I’ll need to scan these pages and email them to Moscow.’
‘What about the words written in Cyrillic? Do any of those mean anything to
you?’
Bykov flipped through the pages rapidly, shaking his head occasionally. ‘No, nothing here.
These are just the names of towns and cities, perhaps where they’d developed contacts. It was probably easier to use the Russian name instead of trying to transcribe it into the other
language they used. Look here. That’s “Moscow”, then “Letneozerskiy” – where two MiG-25s went missing, and so on.’ His voice died away as he stared
at two words on the last page.
‘What does it say?’ Richter asked.
‘Slavgorod North,’ Bykov said, clearly puzzled. ‘But I’ve not been
notified of anything happening there, and they don’t even operate MiG-25s as far as I recall.’
‘Where is it, exactly?’
‘It’s a military airfield lying about sixteen hundred kilometres east of
here.’
‘That falls well within the cruising range of a MiG-25, so if they’d managed to
persuade Lenkov to steal one, maybe they were intending to refuel it there before flying it out of the country. We need to go there immediately, Viktor.’

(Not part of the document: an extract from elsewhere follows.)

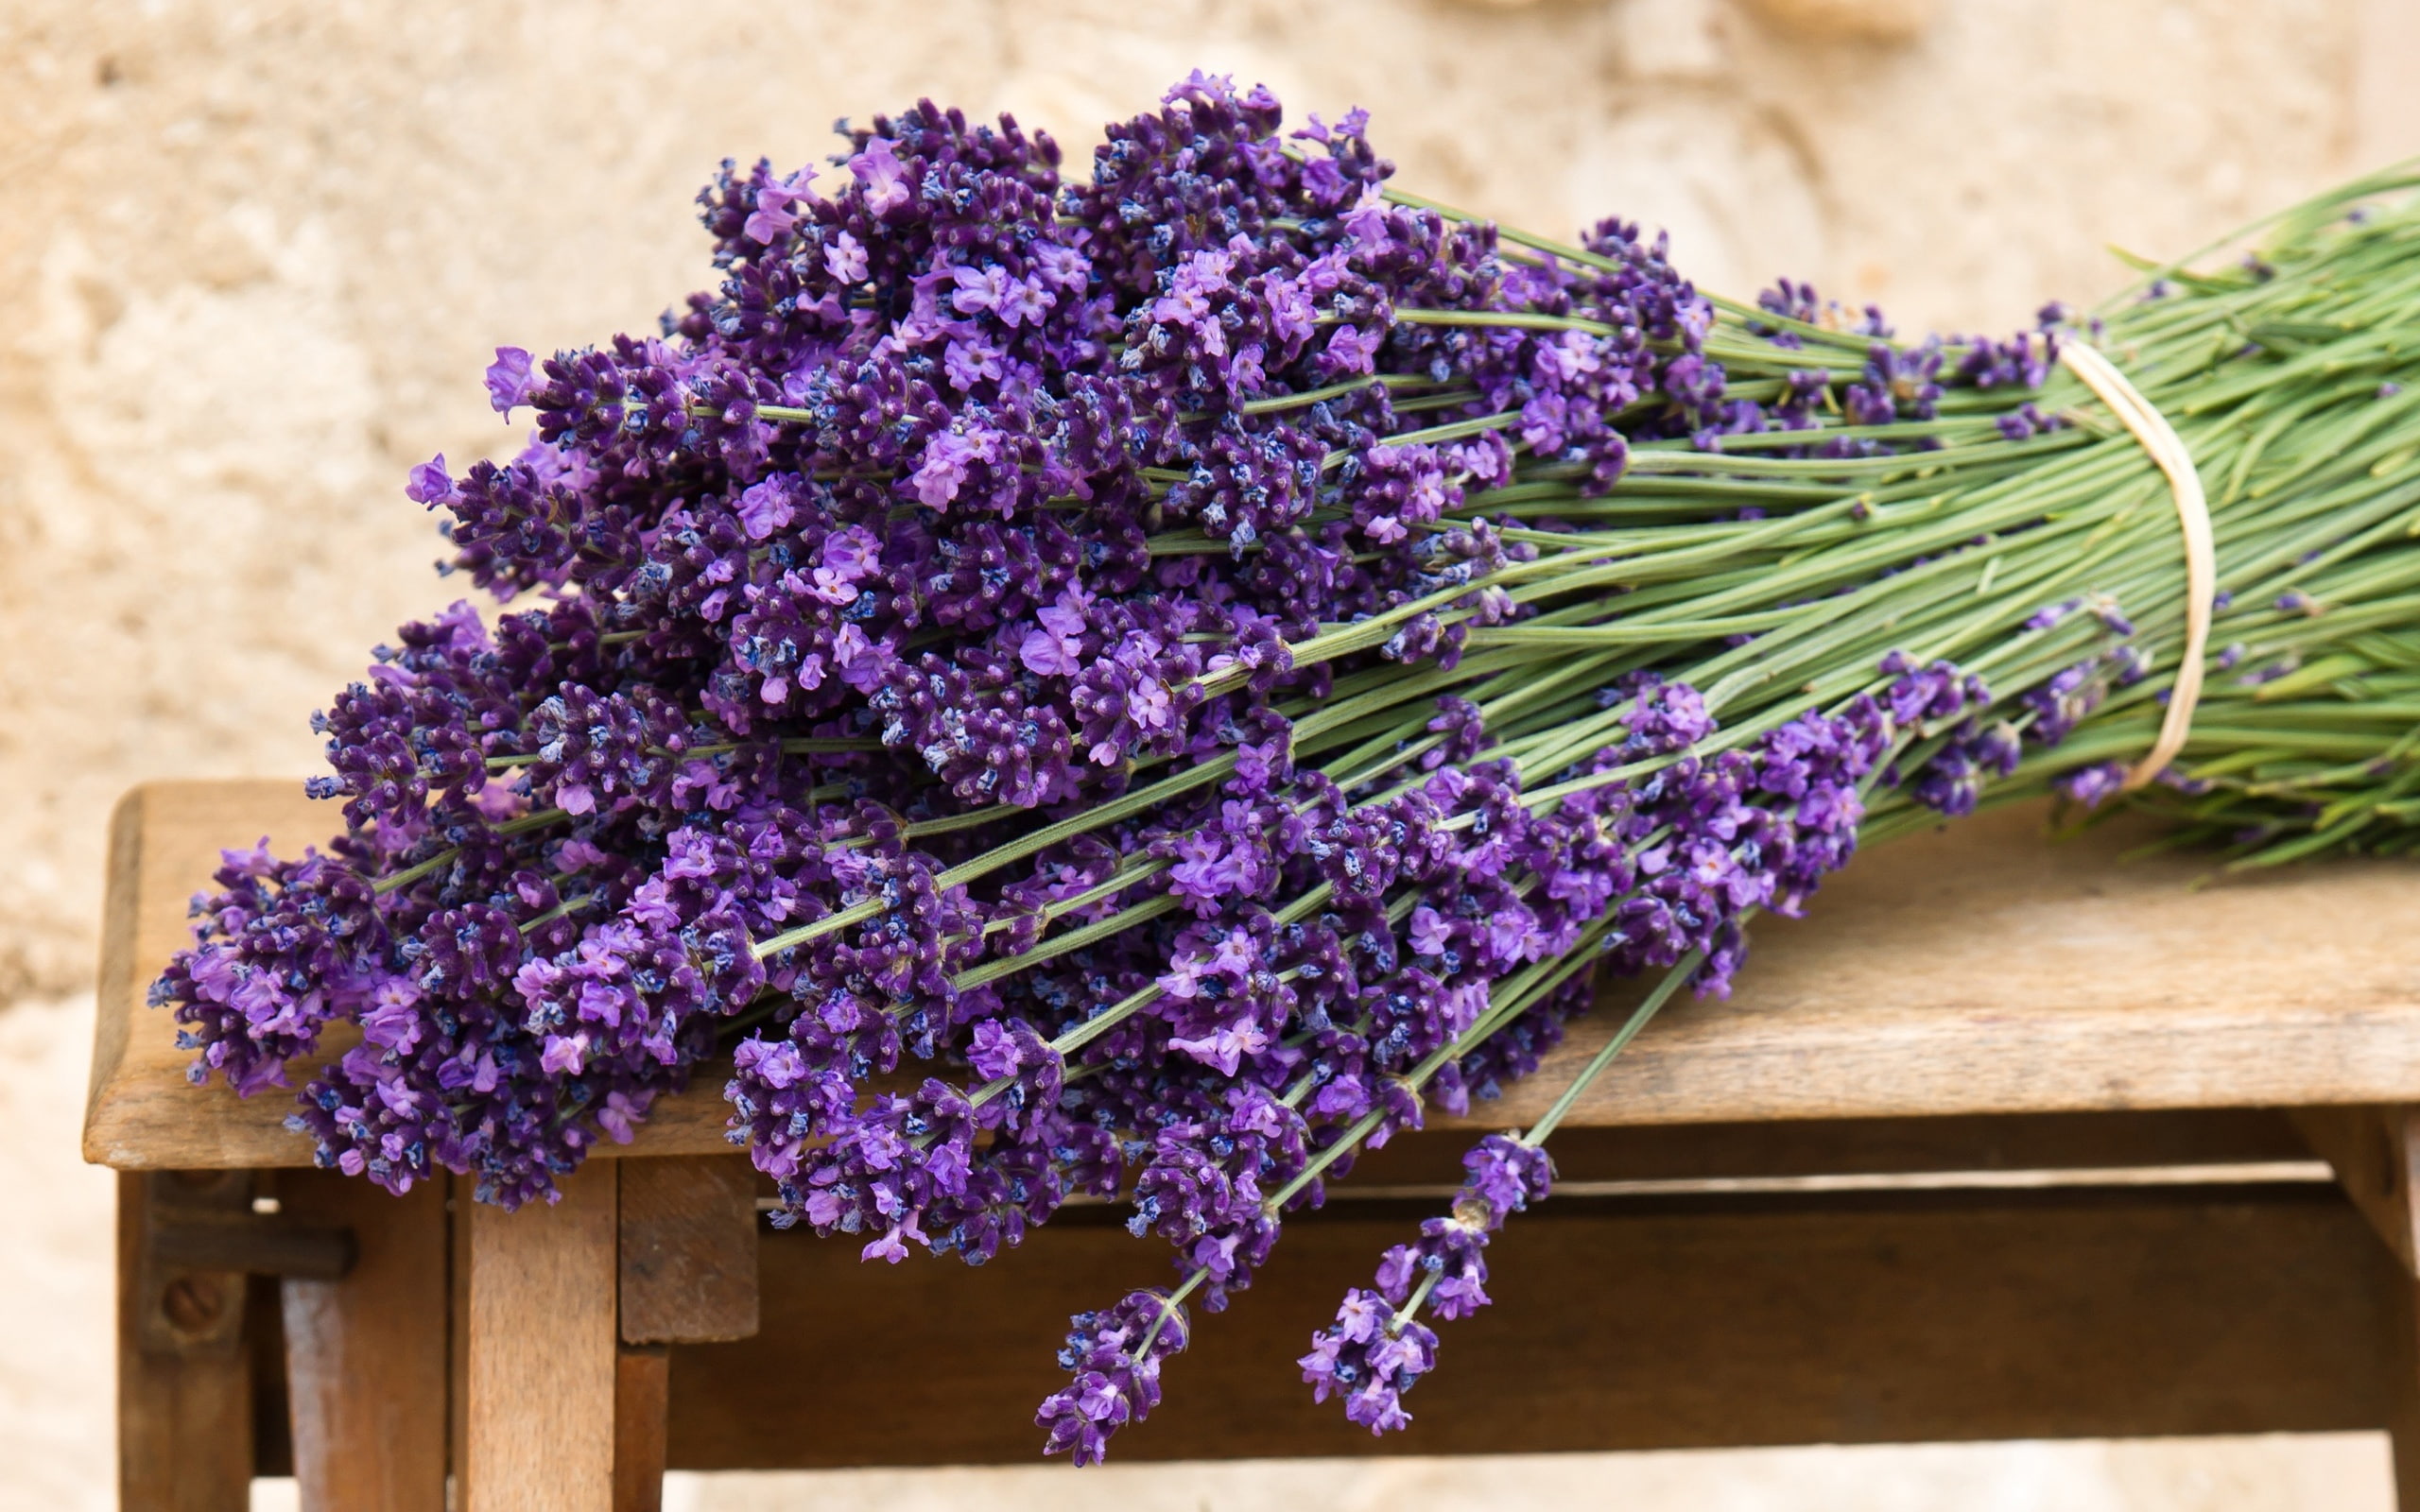 Bouquet of purple lavender flowers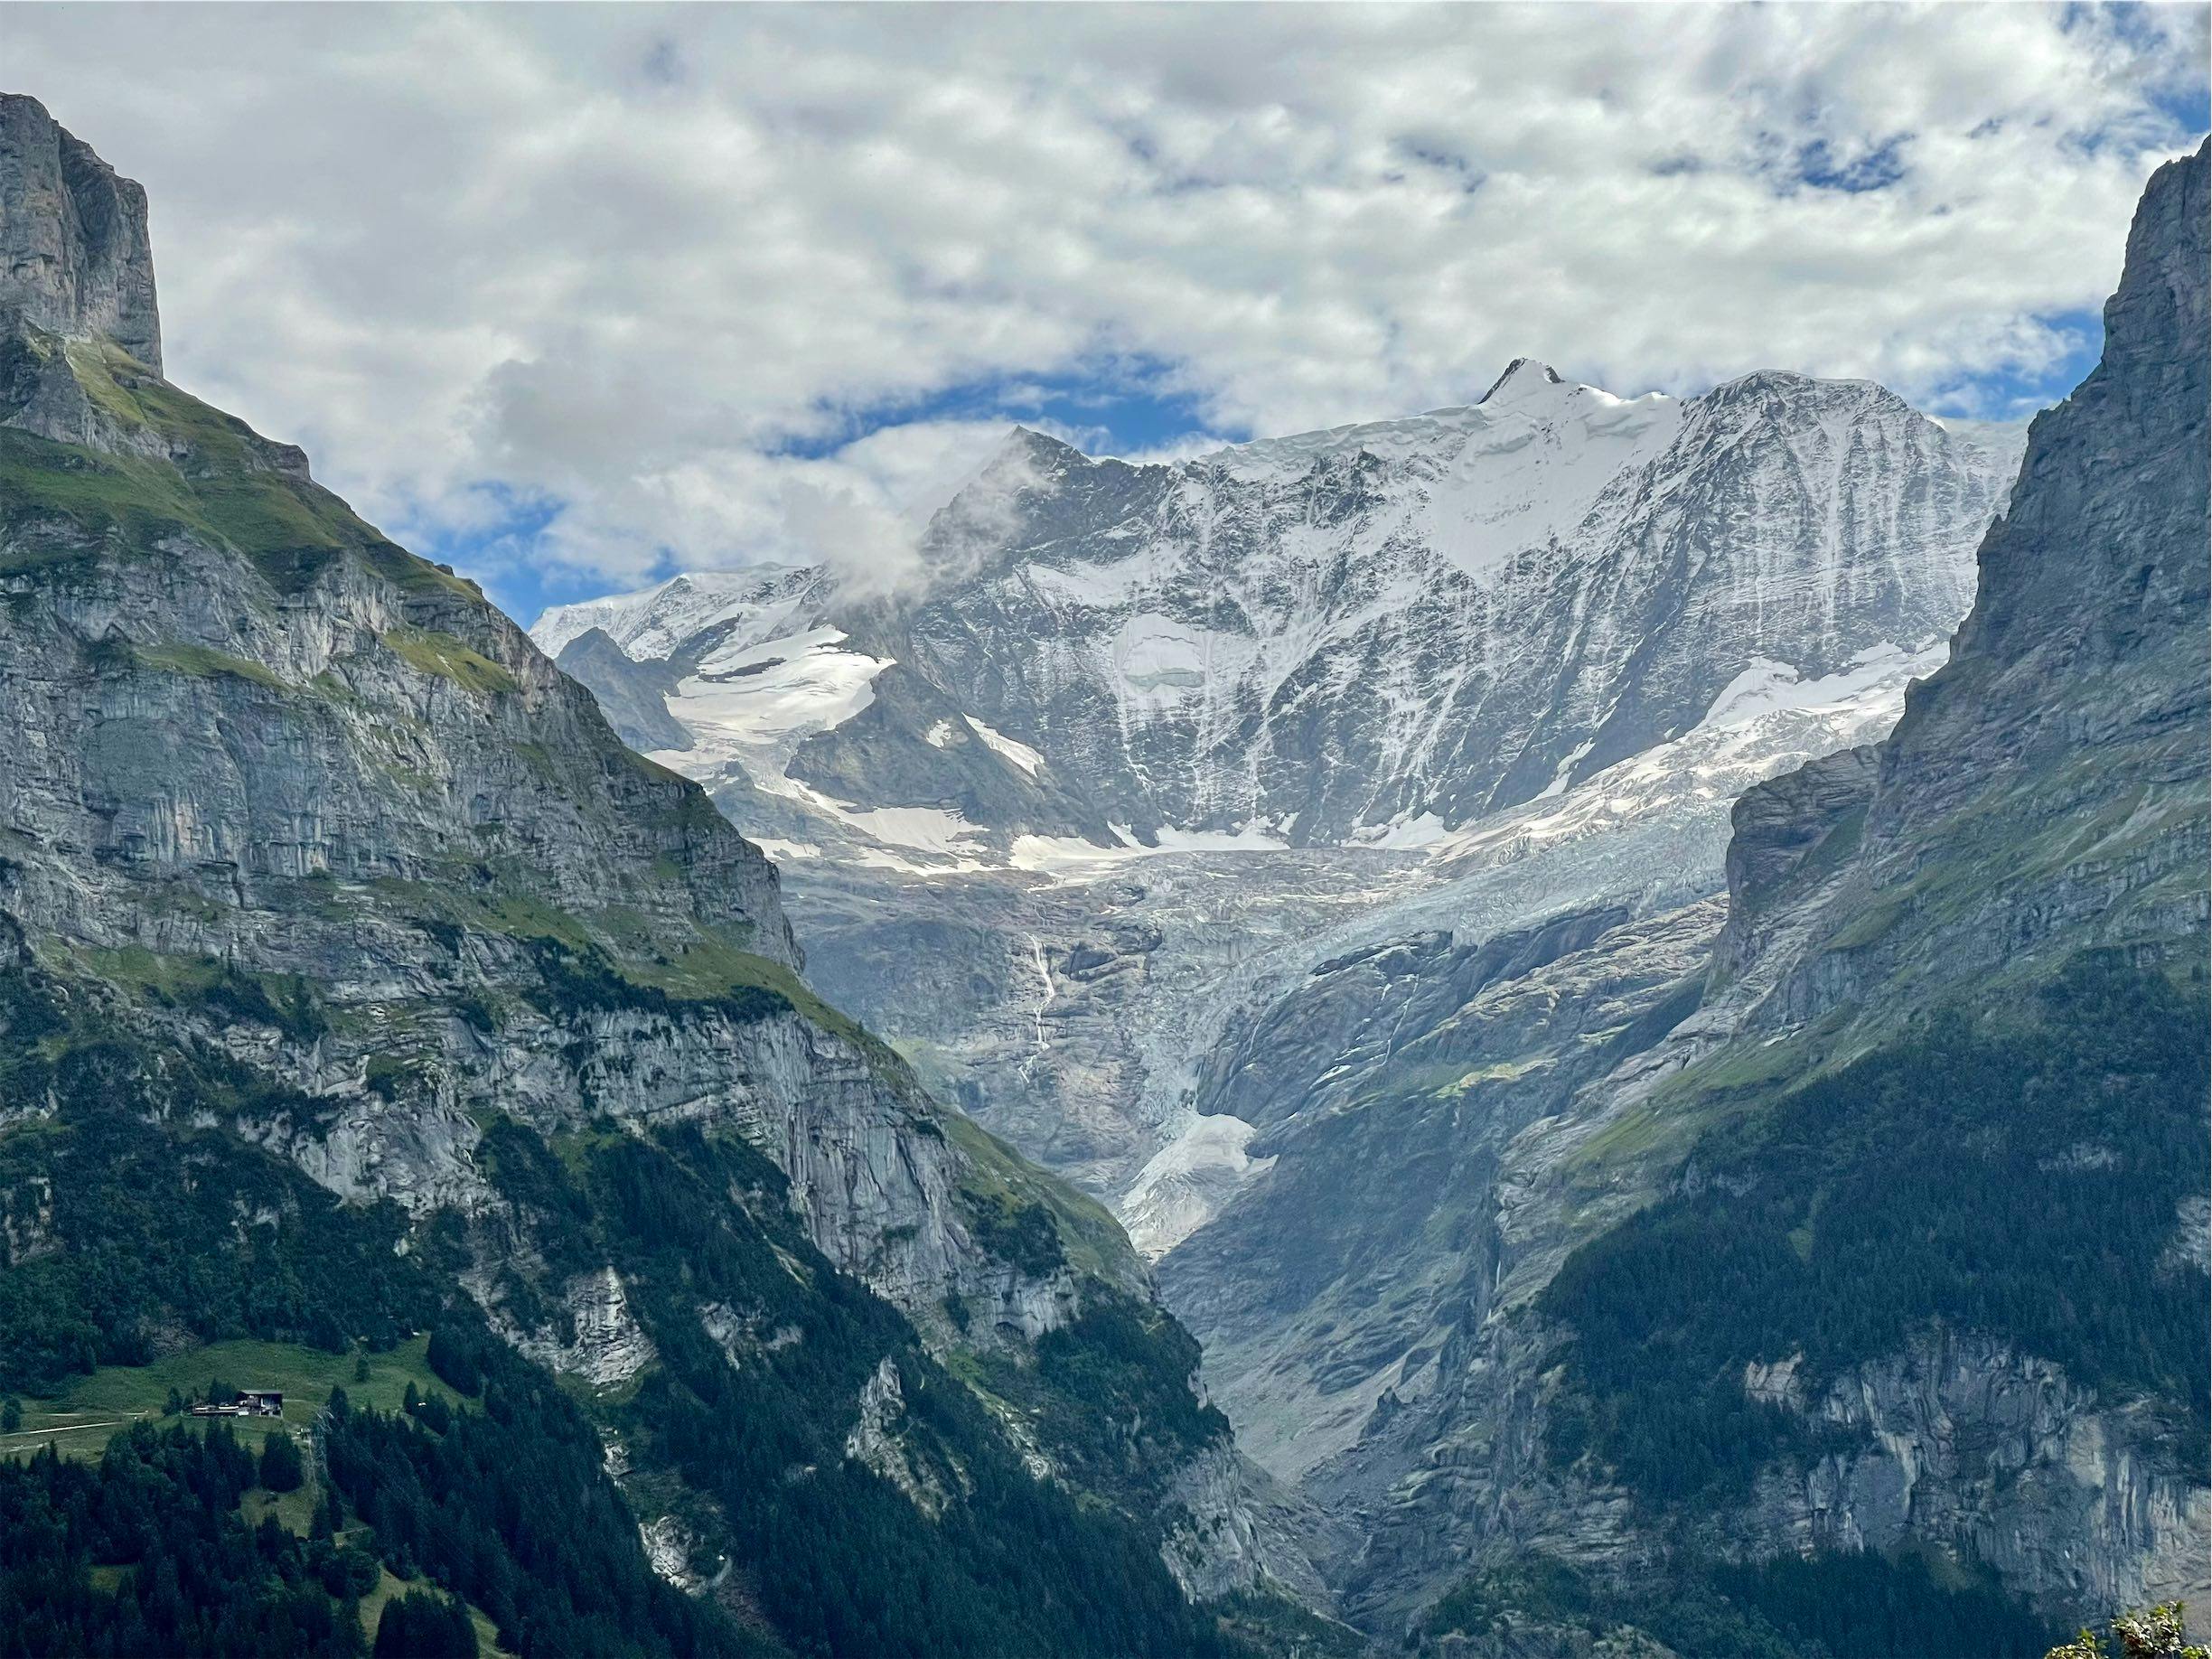 Picture taken in Grindelwald, Switzerland

‘I agree.’ Bykov nodded. ‘We can’t handle something this sensitive over
the telephone. I’ll get the jet warmed up.’
That, Richter reflected as the Russian general pulled a mobile phone from his pocket and began
dialling a number, sounded more impressive than it was in reality.
They’d flown to Perm in a Russian Air Force Antonov An-72 transport aircraft, confusingly
painted in Aeroflot livery. Known to the West by the NATO reporting name ‘Coaler’, it wasn’t exactly an executive jet, having been designed as a small, general-purpose STOL
transport capable of carrying either cargo or up to thirty-two passengers on drop-down seats attached along the sides of the cabin. Powered by
two Lotarev
turbofan engines, mounted above and in front of the wings, which gave the aircraft a peculiarly hunched appearance, it was reasonably fast and had a range of well over two thousand miles.
Their journey out from Moscow had been very noisy and relatively uncomfortable, but a lot faster
than trying to get seats on a commercial aircraft. And anyway it was, Richter guessed, the only aircraft Bykov had been able to commandeer at such short notice. As the Russian general headed
for the door, Richter again wished he’d had the foresight to bring earplugs.